Cases with HR HPV types only, LR HPV types only, or mixed HR and LR HPV infections were analyzed (Table 4). HR HPV only infection accounted for 67.80% of all 13,349 HPV positive women with an overall prevalence of 17.63%. 1,755 women had two or more HR HPV types (no LR HPV infection), accounting for 13.15% of all 13,349 HPV positive cases. 4.88% women had LR HPV only infection. 13.43% of HPV positive cases showed both HR and LR HPV infections for an overall prevalence of 3.49% for all tested women.

 Table 4 

Distribution for HR and LR HPVs: Single Types and Mixed Types Infections of the 51345 Tested Women

HPV TypesSingle infectionMultiple infections*Total Cases
Positive%Positive%Positive%Prevalence
HR HPV types only729654.66175513.15905167.8017.63%
LR HPV types only236017.681451.09250518.774.88%
Mixed HR and LR HPV types1094**8.206995.24179313.433.49%
Total1075080.53259919.471334910026.0%

*indicating two and more HR HPV types infections in HR HPV only group; two and more LR HPV types infections in LR HPV only group; Two and more HR HPV types or two and more LR HPV types infection in the mixed HR and LR HPV group.

**indicating single HR HPV and single LR HPV mixed infection.

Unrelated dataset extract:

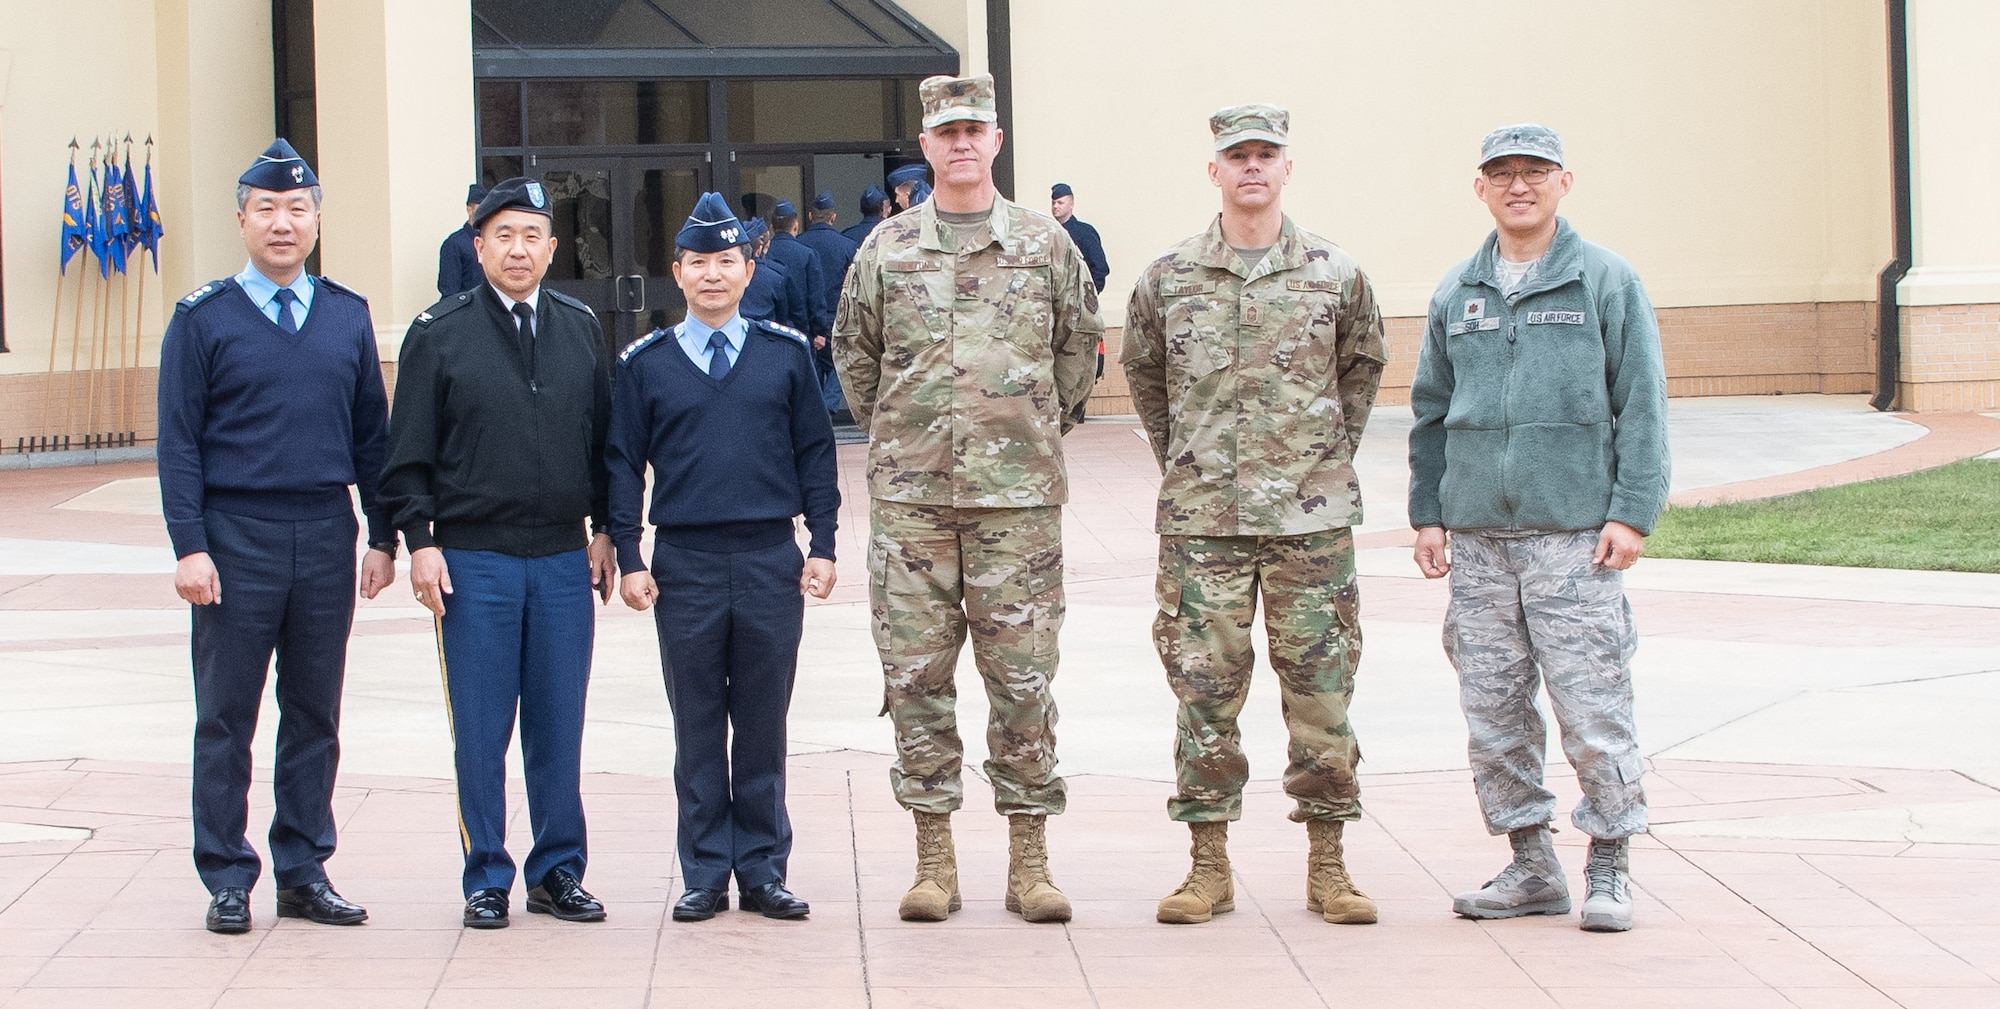 Chaplain, Lt. Col. Ilwoo Lee, Republic of Korea Air Force, upcoming ROKAF Chief of Chaplains, Chaplain, Col. Samuel Lee, United Nations Command, Combined Forces Command and United States Forces Korea Command chaplain, Chaplain, Col. Kwang-Nam Na, ROKAF Chief of Chaplains, Chaplain, Col. Michael Newton, Air Force Chaplain Corps College Commandant; Chief Master Sgt. Michael Taylor, AFCCC chief, Chaplain, and Maj. Shin Soh, interpreter, stand together during Na’s visit to Air University Nov. 13-15, 2019, at Maxwell, Air Force Base, Alabama. The visit, as a whole, was held to signify their commitment to strengthening national and functional alliances in support of the Secretary of the Air Force’s priorities.

Abbreviations - HR HPV: high risk HPV; LR HPV: low risk HPV; #: number; HPV; human papillomavirus.

Discussion

Studies of HPV prevalence and genotype distribution indicate that HPV-16 and -18 are the most prevalent viral types in cervical cancer and together are responsible for approximately 70% of cervical cancer cases globally. However, the prevalence and genotype distribution of HPV infection are known to vary substantially between different regions and populations. 3-5 Studies have demonstrated that HPV prevalence and type distribution vary in women from different populations, different countries, different age groups and with different Pap cytology findings. Some studies have revealed a substantial difference in prevalence and genotype distribution of HR HPV infection among women from Western and Eastern countries.3-5, 18-20 The overall HPV prevalence in 157,879 women world-wide with normal cervical cytology was estimated to be 10.4% but when examined by region showed various rates of 22.1% in Africa, 20.4% in Central America and Mexico, 11.3% in Northern America, 8.1% in Europe, and 8.0% in Asia. The data on HPV prevalence and genotype distribution in the largely unscreened Chinese female population is limited.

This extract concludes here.